Trypanosoma brucei is a parasitic protozoan that causes African trypanosomiasis, a potentially fatal disease in humans and animals. The parasite has a complex life cycle that involves multiple morphological and antigenic variations, which allow it to evade the host’s immune system and cause persistent infections.

Immunodominant antigen and variant-specific antigen are two of the most important antigenic components of T. brucei. Immunodominant antigen is a highly conserved protein that is recognized by the host’s immune system, while variant-specific antigen is a highly variable protein that undergoes frequent antigenic variation to evade the host’s immune response. Antigens 6 and 4 are two important immunodominant antigens that have been extensively studied for their diagnostic and immunological properties.

Another important antigenic component of T. brucei is the variant surface glycoprotein MITAT 1.2 (VSG 221), which is a major component of the parasite’s surface coat. VSG 221 is highly variable and undergoes frequent antigenic variation, which allows the parasite to evade the host’s immune system.

Antigen GM6 is another important immunodominant antigen of T. brucei, which has been shown to be highly specific and sensitive in diagnosing African trypanosomiasis. The p21 antigen protein is another important antigenic component that is expressed in the bloodstream stage of the parasite’s life cycle.

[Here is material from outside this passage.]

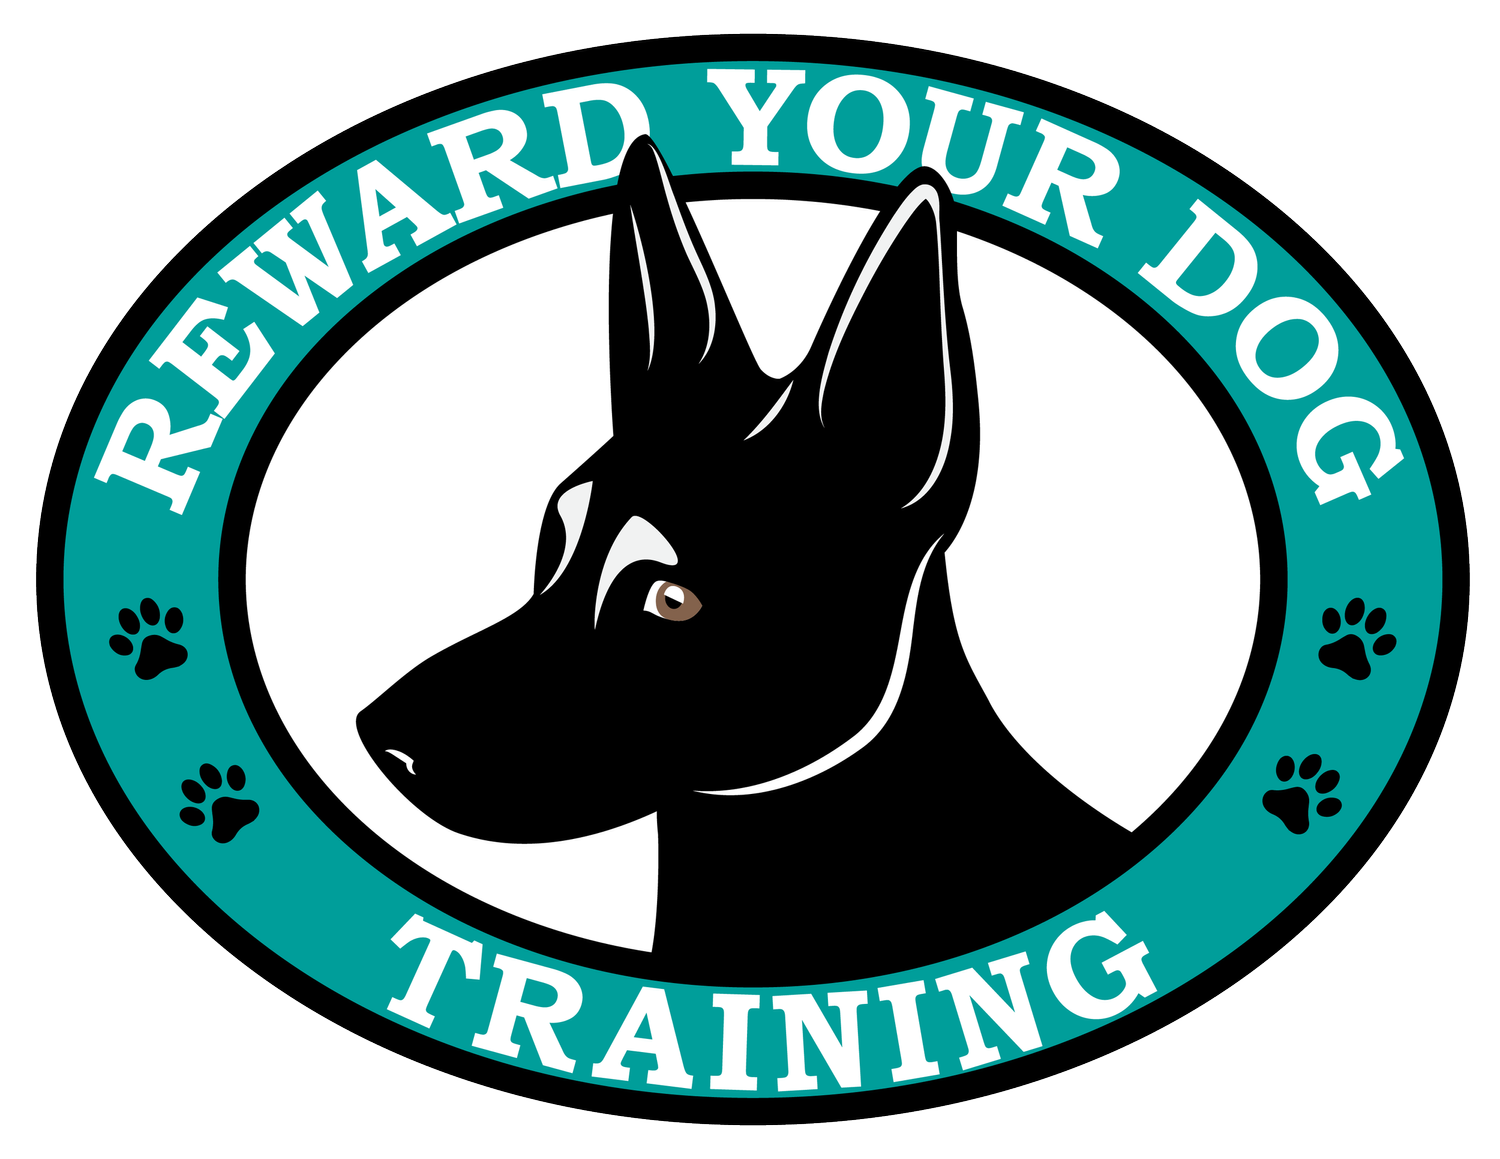 Reward Your Dog Training

DAL972 is a T. brucei strain that is commonly used for experimental studies of the parasite’s biology and pathogenesis. Two important antigenic components of this strain are the proliferating cell nuclear antigen and the calpain-like cysteine peptidase.

Finally, the rhodesiense Variant surface glycoprotein 7 is another important antigenic component of T. brucei, which is specific to the Rhodesian strain of the parasite. Like other variant surface glycoproteins, VSG 7 undergoes frequent antigenic variation to evade the host’s immune system.

Understanding the antigenic properties of T. brucei is crucial for the development of effective diagnostic and therapeutic strategies for African trypanosomiasis. The above-mentioned antigens are some of the key components that play important roles in the biology and pathogenesis of this deadly parasitic disease.

Trypanosoma brucei cDNA and recombinant antigens can be used to develop vaccines that can provide immunity to the disease caused by the parasite. The cDNA can also be used to produce recombinant proteins for diagnostic tests to detect infection. Recombinant antigens can also be used to develop diagnostic tests to detect the presence of the parasite in infected individuals. Additionally, the cDNA can be used to generate transgenic animals that can be used to study the pathogenesis and treatment of the disease.

The use of recombinant proteins/cDNA in academic research and therapeutic applications has skyrocketed. However, in heterologous expression systems, successful recombinant protein expression is dependent on a variety of factors, including codon preference, RNA secondary structure, and GC content. When compared to pre-optimization, more and more experimental results demonstrated that the expression level was dramatically increased, ranging from two to hundred times depending on the gene. Bioclone has created a proprietary technology platform that has resulted in the creation of over 6,000 artificially synthesized codon-optimized cDNA clones (cloned in E. coli expression Vector), which are ready for production of the recombinant proteins.